The Commissioner takes the view that it is satisfactory for the trustee to issue the tax invoice where supplies are made and in these circumstances the Commissioner would exercise his discretion under section 29-70 of the GST Act to treat such a document as a tax invoice where the trustee appears as the supplier instead of the beneficiary.

On the GST front there has been a flurry of commentary on the decision of the Full Federal Court in the Brady King decision overturning the decision of the trial judge. In the context of this matter, it has been good to see a purposive construction applied to s 75-10(3) – and some certainty with the application of the margin scheme where there is a lack of identity between the interests in the real property caused by subdivision. This will be the subject of a separate publication.

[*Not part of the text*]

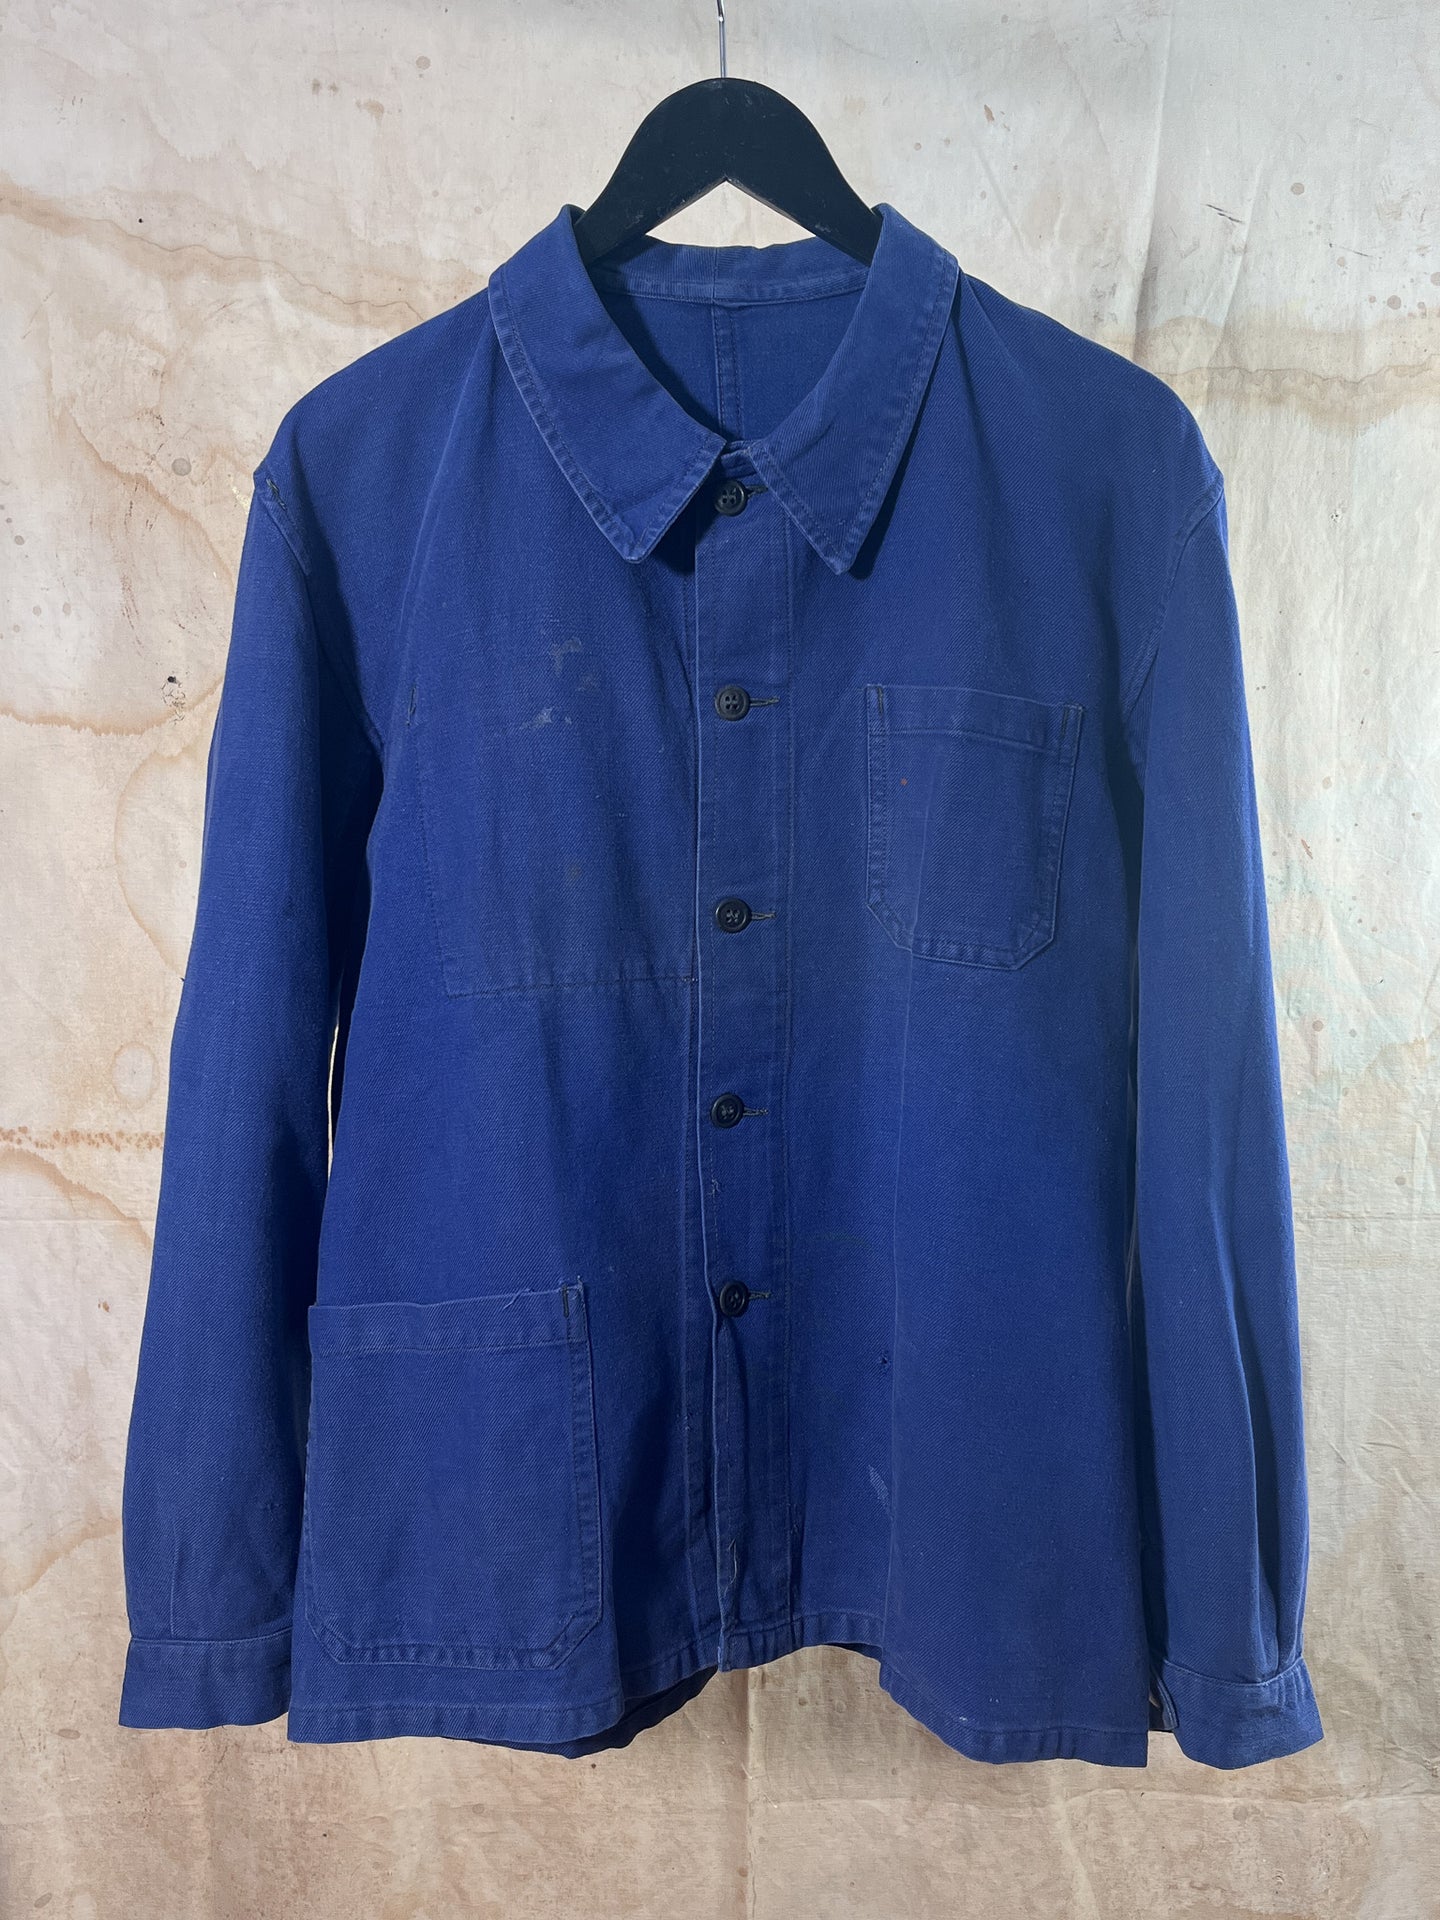 French Cotton Twill Work Jacket - Le Vetement Parfait c. 1950s

Recent tax issues at Hunt & Hunt – tax sharing deeds; mutuality; transfer pricing and others

Over the course of a month to a few weeks, we at Hunt & Hunt are involved in looking at tax issues. A number of issues occur in practice at the same time from different clients as yearly timing sometimes dictates whether anissue is trendy. Some of the interesting issues we have examined have been:

  • Drafting a very complex tax sharing deed. It is amazing how these documents have morphed into 80 page documents. The most common method of allocation of the tax liabilities now seems to be on a stand alone basis rather than a share of accounting profit. At least that seems to be our experience.

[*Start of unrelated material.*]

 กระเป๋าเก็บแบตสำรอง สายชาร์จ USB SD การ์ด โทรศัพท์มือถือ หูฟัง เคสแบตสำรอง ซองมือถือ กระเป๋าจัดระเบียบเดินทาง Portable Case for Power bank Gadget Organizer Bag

  • Examining the mutuality principle for a community title where a common area was to be used by the community title to provide services to members. There are a few interesting rulings now on mutuality which are worth reading.
  • As the client base globalises and clients start setting up businesses overseas, transfer pricing becomes a regular issue and the new law relating to foreign losses has required examination on a couple of occasions. The Tax Laws Amendment (2007 Measures No. 4) Act 2007 became operative on 1 July 2008 and allows foreign losses to be applied against domestic income and excess foreign tax credits to be applied against that foreign income.
  • Share ownership plans under Division 13A of the Income Tax Assessment Act 1936 are called for advice quite regularly by smaller operators and instantly dismissed when they realise how restrictive they are
  • Corporate reconstruction relief for stamp duty purposes.
  • Roll-over relief of assets between corporate groups and anti avoidance
  • Capital streaming (ss 45 onwards) and Part IVA dividend streaming/ anti avoidance.

The content of this article is intended to provide a general guide to the subject matter. Specialist advice should be sought about your specific circumstances.